Background information
- Born: Awood Johnson Jr. August 16, 1975 Downtown New Orleans, Louisiana, U.S.
- Died: March 1, 2013 (aged 37) Hattiesburg, Mississippi, U.S.
- Genres: Hip hop
- Occupation: Rapper
- Years active: 1996–2013
- Labels: No Limit; BANX ENT; Priority; Universal;

= Magic (rapper) =

American rapper

Awood Johnson Jr. (August 16, 1975 – March 1, 2013), better known by his stage name Magic (or Mr. Magic), was an American rapper from Downtown New Orleans, best known for his stint with No Limit Records in the late 1990s and early 2000s.

== Early life ==
Born and raised in the Lower Ninth Ward of Downtown New Orleans, Louisiana, Awood Johnson first made his name in New Orleans' underground circuit performing in talent shows and in a local group. Magic first appeared on C-Murder's songs "Picture Me" and "Watch Yo Enemies" on his 1998 album Life or Death. He was signed to C-Murder's label Tru Records, a sublabel to No Limit Records.

== Career ==
Magic's released his debut solo studio album, Sky's the Limit, in 1998, which reached #15 on the Billboard 200. In 1999, Magic released his second solo studio album Thuggin' which featured hit singles "That's Me" and "Ice on my Wrist" with Master P, which had minor success, peaking at #30. Following poor sales of his third studio album, White Eyes (#147), in 2003, along with the departure of many of No Limit's marquee artists and the label's overall decline, Magic severed his relationship with No Limit.

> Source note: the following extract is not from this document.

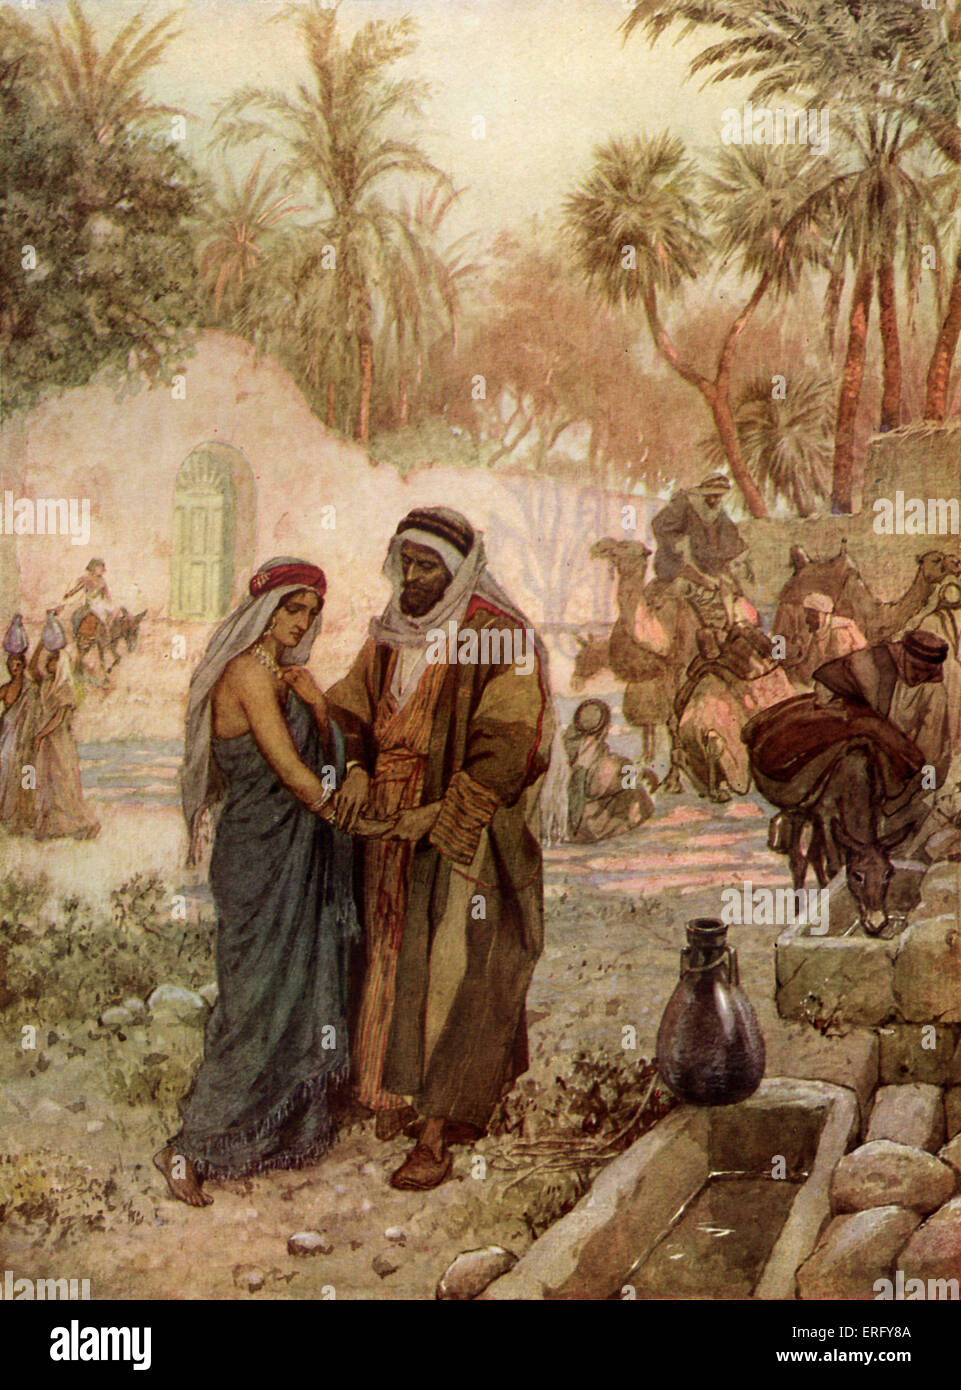 Eliezer and Rebekkah / Rebecca at the well. Genesis XXIV 17-20: When the camels had finished drinking, the man took out a gold Stock Photo

He released his fourth and final solo album, the non-charting On My Own, on Koch Records, just five months after his split from No Limit.

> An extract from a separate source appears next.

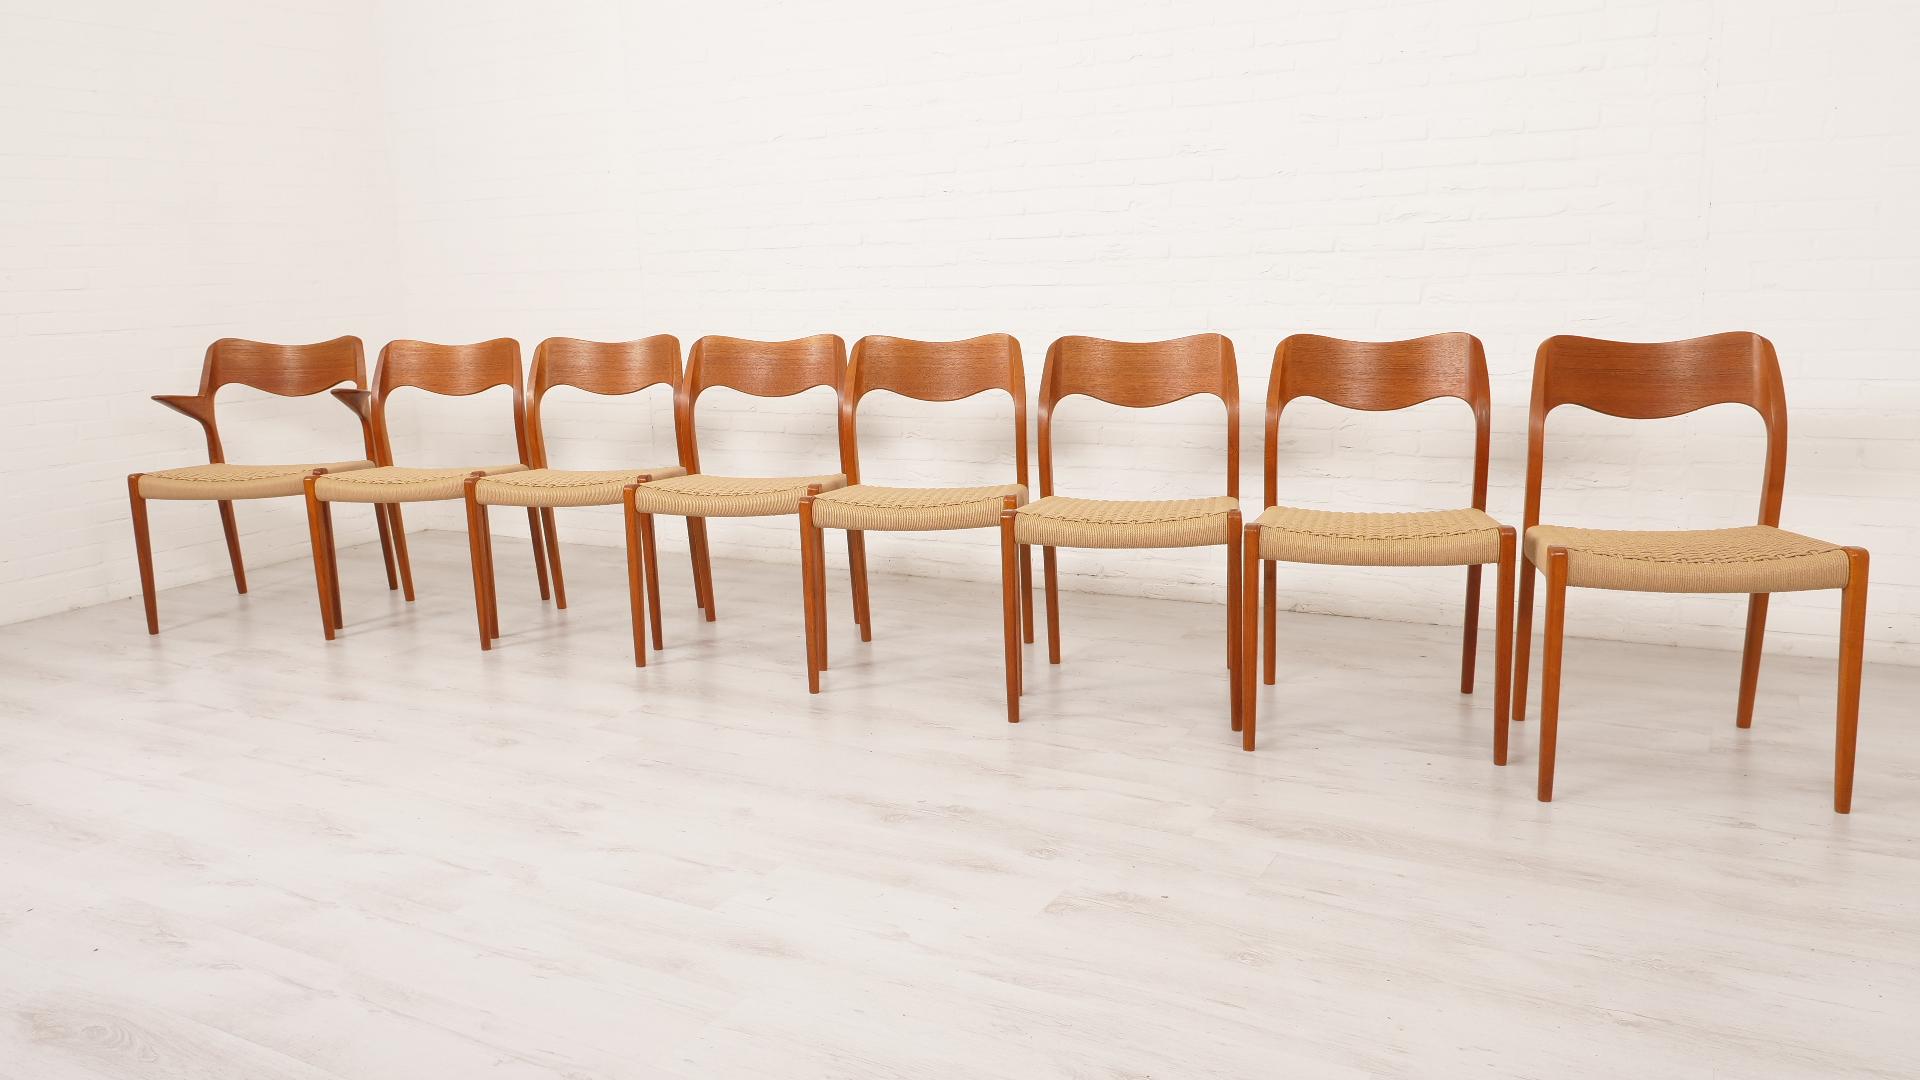 Set of 8 beautiful Danish vintage dining chairs. These chairs were designed by Niels Otto Møller. The set consists of 7 chairs in model 71 and 1 chair in model 55 (with armrests). The chairs are truly beautiful, the curves creating a timeless yet

Magic joined fellow New Orleans native Choppa and former boxing champion Roy Jones Jr. to form the group Body Head Bangerz, which released its only album in 2004, Body Head Bangerz: Volume One, and had a minor hit with "I Smoke, I Drank".

Magic then secured a deal with TVT Records in 2006, but left without ever releasing any material. He formed his own label, Banx Entertainment, in 2011.

== Death ==
On March 1, 2013, Johnson and his wife Chastity were killed in a traffic collision in Hattiesburg, Mississippi. Their 12-year-old daughter was the lone survivor.

== Discography ==

=== Studio albums ===
- Sky's the Limit (1998)
- Thuggin' (1999)
- White Eyes (2003)
- On My Own (2003)

=== Collaboration albums ===
- Body Head Bangerz: Volume One with Body Head Bangerz (2004)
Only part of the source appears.